Commonly, this is done in two steps:

hash = hash_function(key)
index = hash % array_size

A value can then be stored in the array:

arr[index] = val

It’s possible that a key maps to the same index as another key. This is known as a collision. The process of handling a collision is known as collision resolution.

The two most common strategies for collision resolution are chaining and open addressing.

Chaining is where each item in the backing array is a list. When an item is added to the array at an index, it’s added to corresponding list.

Open addressing handles collisions by searching for an empty slot in the array while following a deterministic sequence. This checking is known as probing, and the sequence is known as a probing sequence. A simple probing sequence is to check each slot one after the other.

Figure 2: A hash table using open addressing

This post will look at hash tables in CPython, which uses open addressing.

So what are the benefit of hash tables?

Why use hash tables?

Commonly, dictionaries are implemented with either search trees (which will be covered in future posts), or hash tables.

Hash tables are (slightly) simpler to implement than search trees and have better average-case performance.

CPython in particular uses hash tables because, compared to B-trees, hash tables give “better performance for lookup (the most common operation by far) under most circumstances, and the implementation is simpler” (according to the Python docs).

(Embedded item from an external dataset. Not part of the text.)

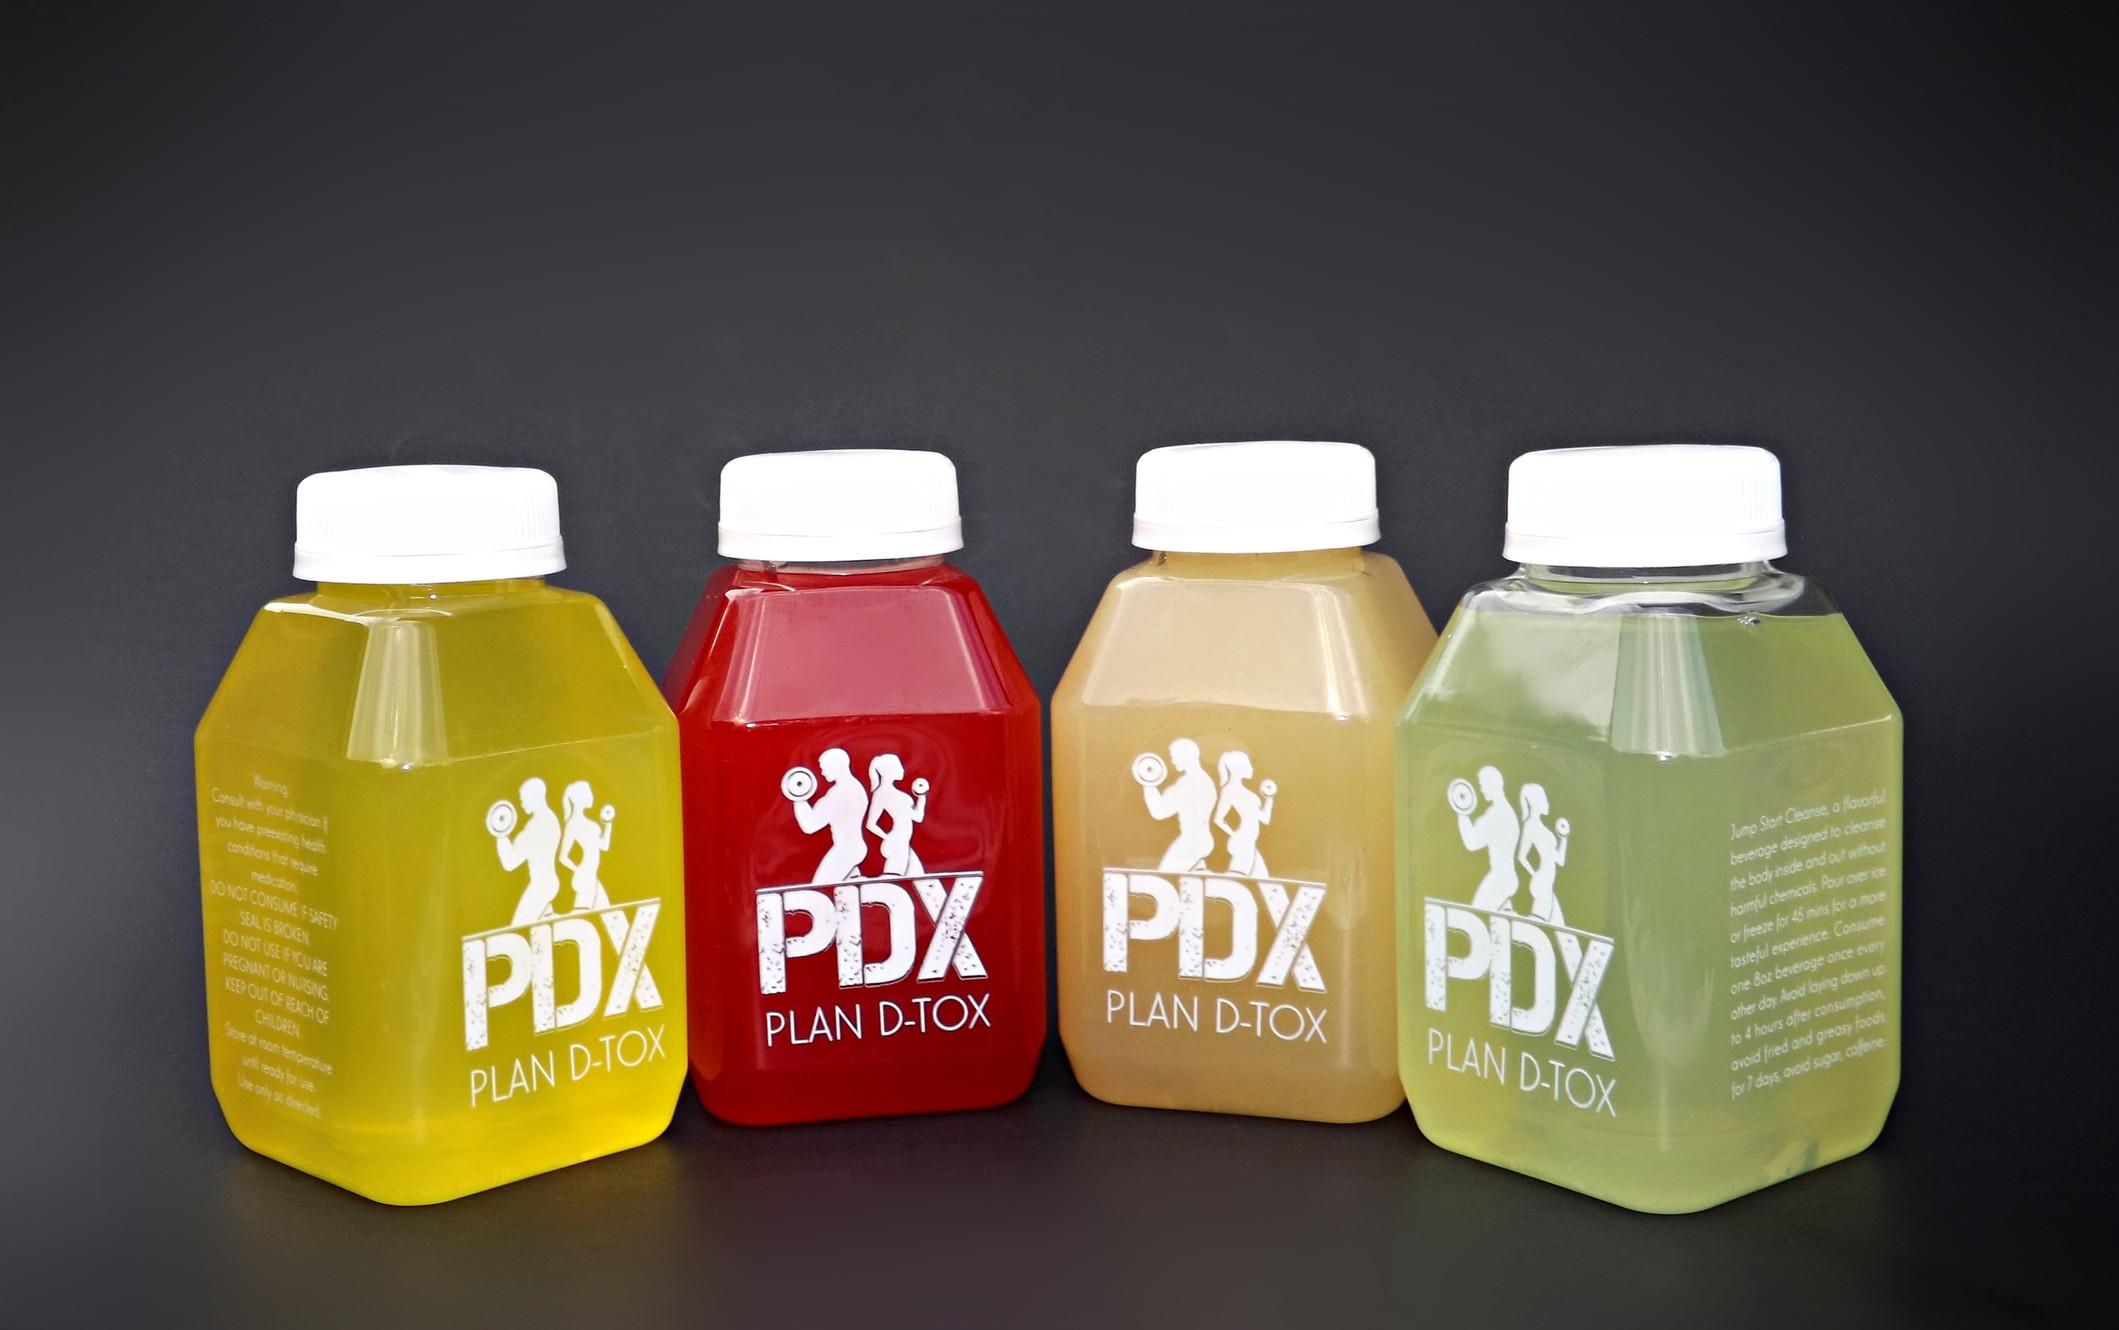 max detox pdx)

Although hash tables have better average-case performance than search trees, they have poorer worst-case behavior.

The time complexity for hash table operations:

Operation	Average-case	Amortized Worst-case
Search	O(1)	O(n)
Insertion	O(1)	O(n)
Deletion	O(1)	O(n)

The time complexity of red-black trees (a kind of search tree):

Operation	Average-case	Amortized Worst-case
Search	O(log n)	O(log n)
Insertion	O(log n)	O(log n)
Deletion	O(log n)	O(log n)

Because the worst-case time complexity for search tree operations is generally a consistent O(log n), search trees are often preferred in systems where large pauses for rebalancing/ reallocating introduces unacceptable latency (like the high-resolution timer code in Linux).

Although hash tables sound simple in theory, there are many nuances to implementing them. The next section looks at how hash tables are used in CPython to implement dictionaries.

Dictionaries in Python

Python is an interpreted programming language, defined in the Python reference. The reference implementation (and most popular interpreter) is CPython.

You can define a dictionary in Python like so:

tel = {
    'alice' : 2025550143,
    'bob'   : 2025550196,
    'carol': 2025550191
}

You can access items from a dictionary using subscript notation:

print(tel['alice']) # 2025550143

Internally, CPython implements dictionaries with hash tables.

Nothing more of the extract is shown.